Many corporations believe that like RSS feed concerns back in 2005, Twitter is creating more risk of compromising ad spending since internet users are able to create their own PR buzz and get the information they want for free, and may push Twitter to incorporate a pay per click (PPC) program. When and if this occurs, I see Twitter becoming a “micro-search engine marketing” program, competing for dollars with the Googles, Yahoos, and MSNs of the world.

RSS and Twitter are almost identical systems which is why I believe a smart move for Twitter, besides due diligence, would be to model their business after Real Simple Syndication (RSS) as well as the leading search engines (Google, Yahoo, MSN). RSS feeds, initially developed in 1999, became mainstream in 2005 and have been successfully and effectively publishing many updated periodicals in real time in an open free environment ever since. Anyone with a web site or blog can add the RSS icon to their site and get subscribers for free.

Although RSS and Twitter are different, both share the identical process:

• a user clicks on an RSS icon (twitterer’s icon) to subscribe (follow) to a feed (tweet)

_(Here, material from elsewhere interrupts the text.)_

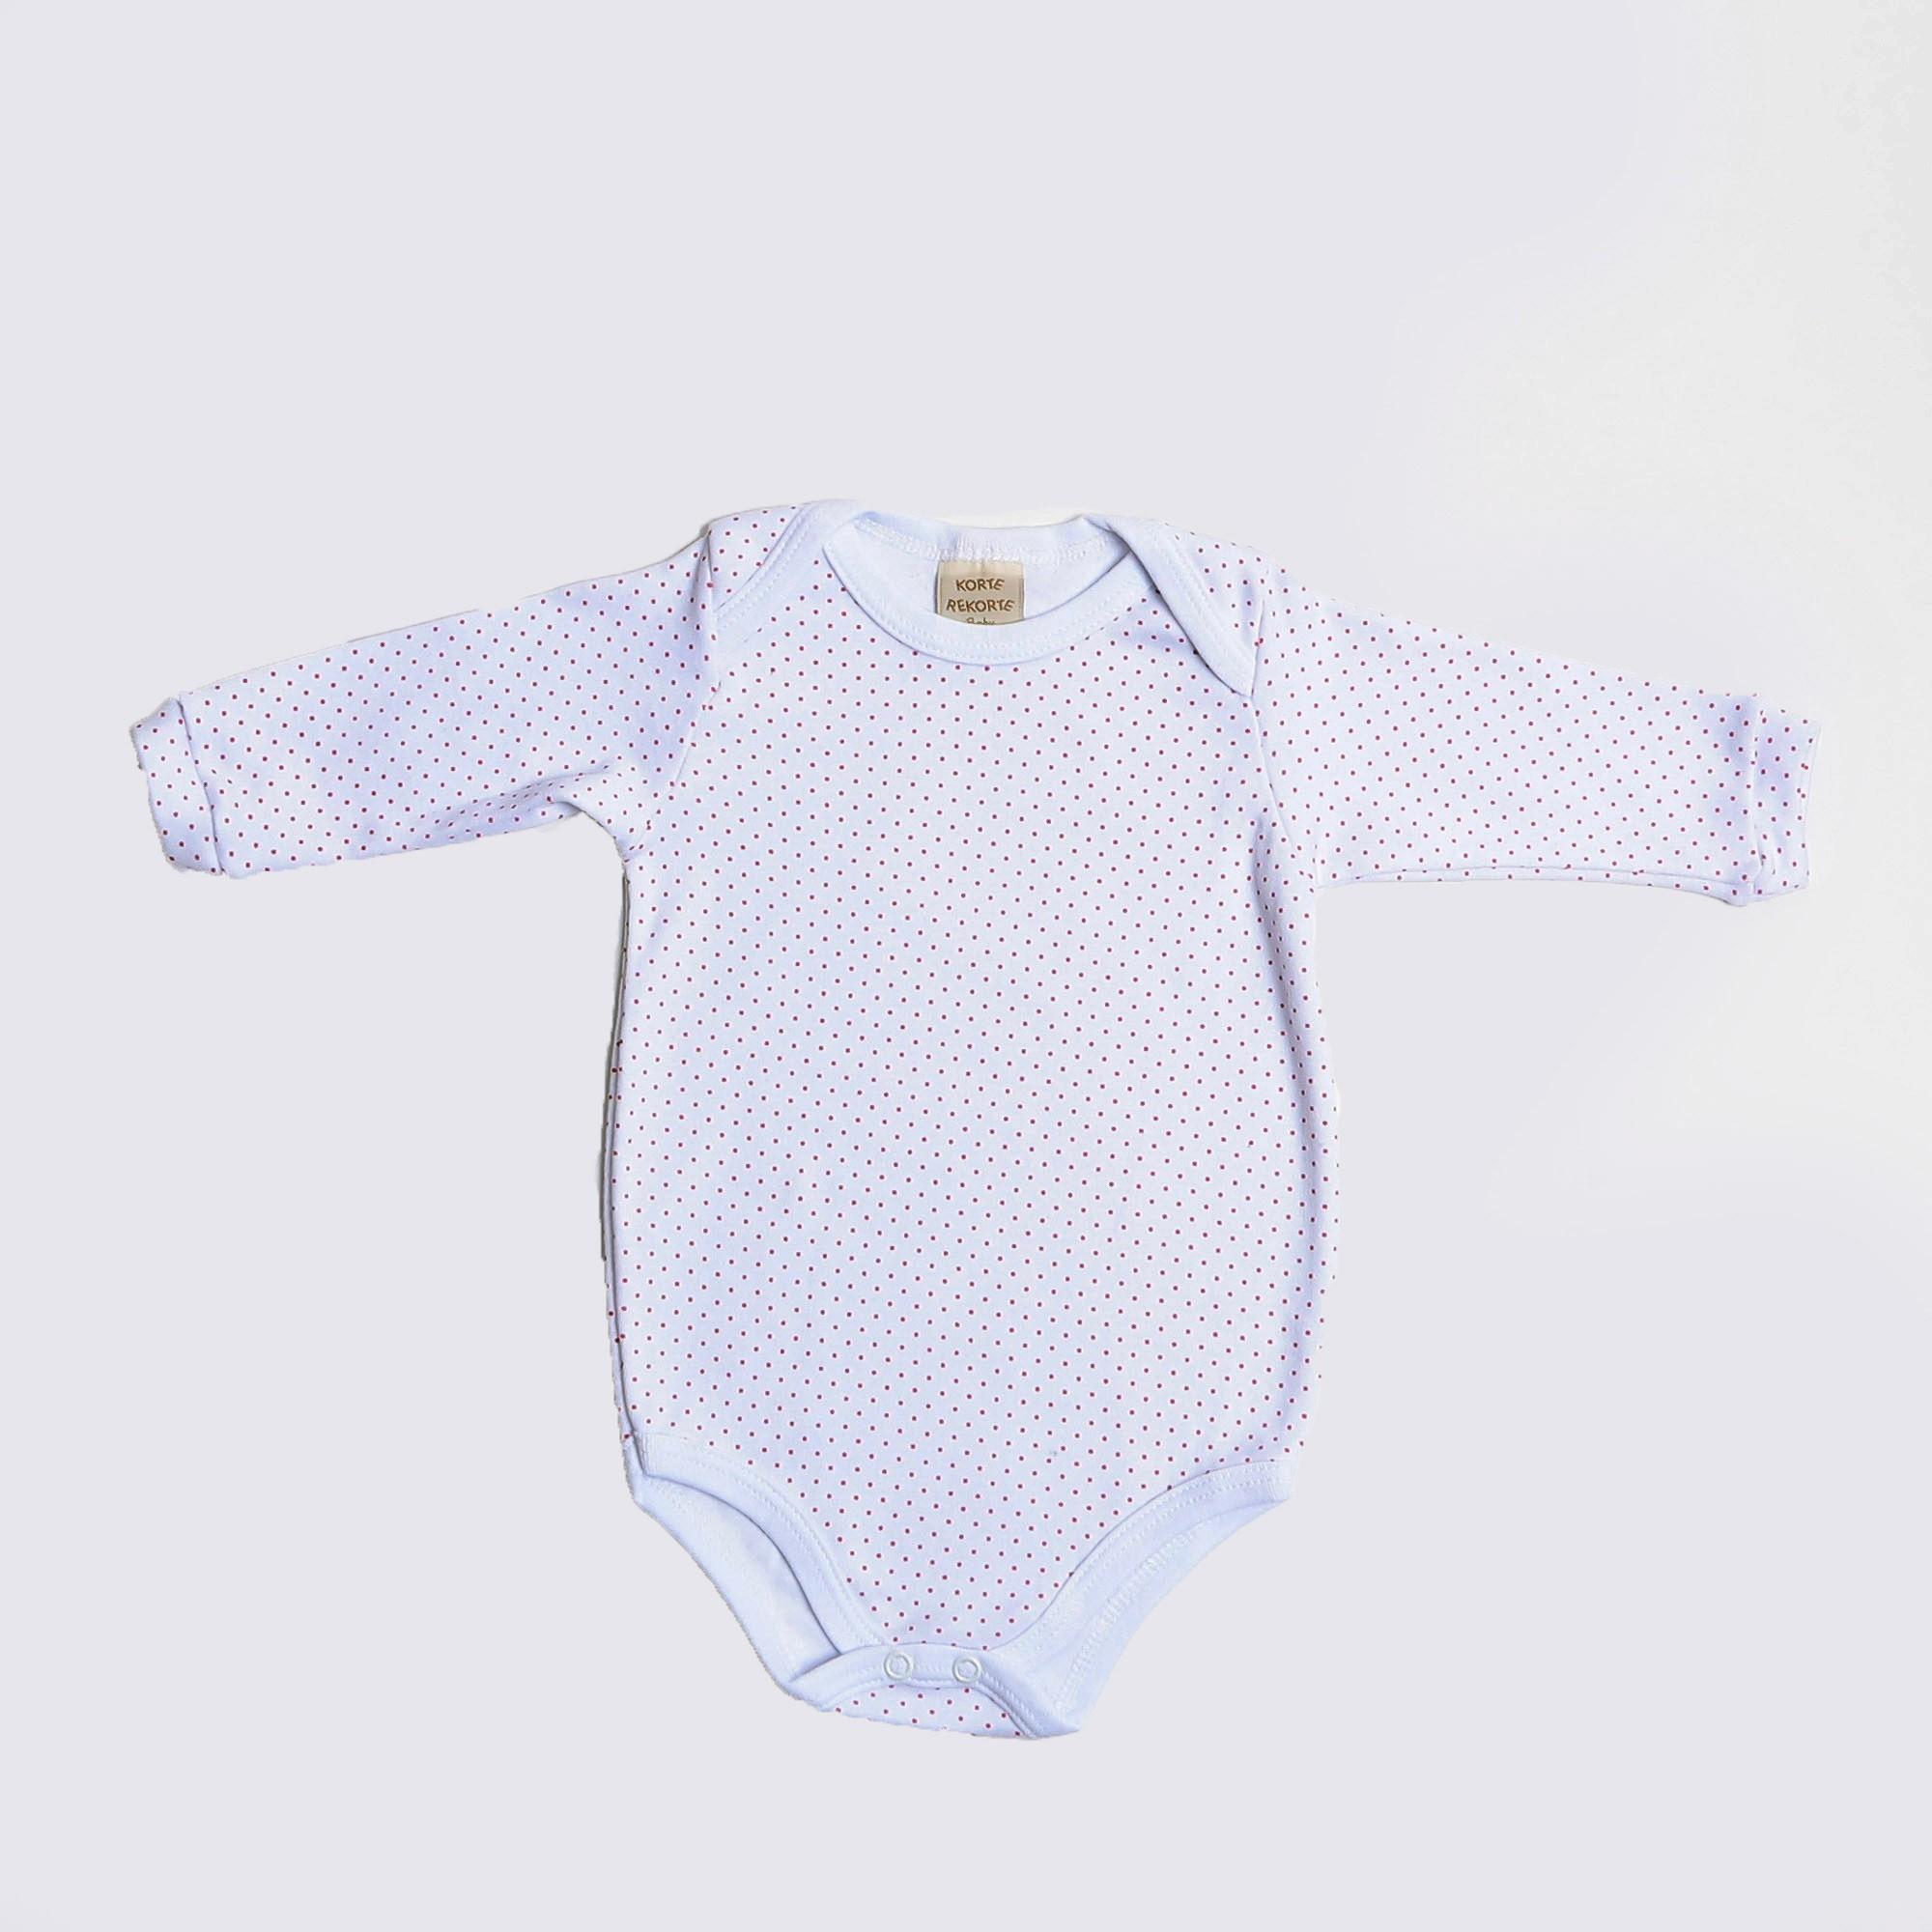 Body De Bebê Manga Longa Branco Com Poá - Korte Rekorte

• Twitter is limited to 140 characters, RSS is not and can be as long as it needs to be

• RSS feeds are used for publishing blog entries, news, audio, video, etc. and users can bookmark the feed; Twitter users are still new and are not yet using Twitter to it’s full potential the way others are using RSS

• Users add RSS onto their blog and submit their blogs to submitter sites or directories to increase the chances that people subscribe to their RSS feed much the same way twitterers follow others to get followed and post their Twitter links

• A big difference is that with Twitter, users post information about a new web site they have, include a link to it, write brief promo copy to attract other Twitterers to visit their site or follow, something we are unable to do with RSS

When used creatively, Twitter, like RSS feeds, can add hype and increase the chances of creating various internet revenue streams. RSS has been enabling many companies and individuals with the potential for additional revenue streams and affiliate programs on the internet; All this for free. Why then would anyone want to pay for Twitter should they create a database when we are able to have the entire Twitter universe now for free?

Below is a listing of some factors that I believe would need to be considered before developing and implementing a business model for Twitter:

1. “Twitter Narcissists”: How do you weed out “Twitter narcissists?” There are individuals doing up to 100 tweets per day to get thousands of followers so they can brag about it. And then what, do you sell a “Twitter Narcissist” list to a corporation for them to post an online ad? That just might happen and prove to be phenomenal.

2. Revealing Identities: Twitter and other social networks enable users to create profiles where they can include all personal things about themselves including age, gender, geographical area, hobbies, interests, join business groups, etc., along with all other types of content

3. Privacy: Some folks are putting personal things about themselves for the world to look at without ever realizing what they are doing, e.g., Facebook, YouTube, Flickr, etc. Issues are going to arise such as invasion of privacy, etc. prompting the FTC to intervene and incorporate more compliance laws. Our economy is strapped enough and now more government spending due to Twitter. Can our government afford this?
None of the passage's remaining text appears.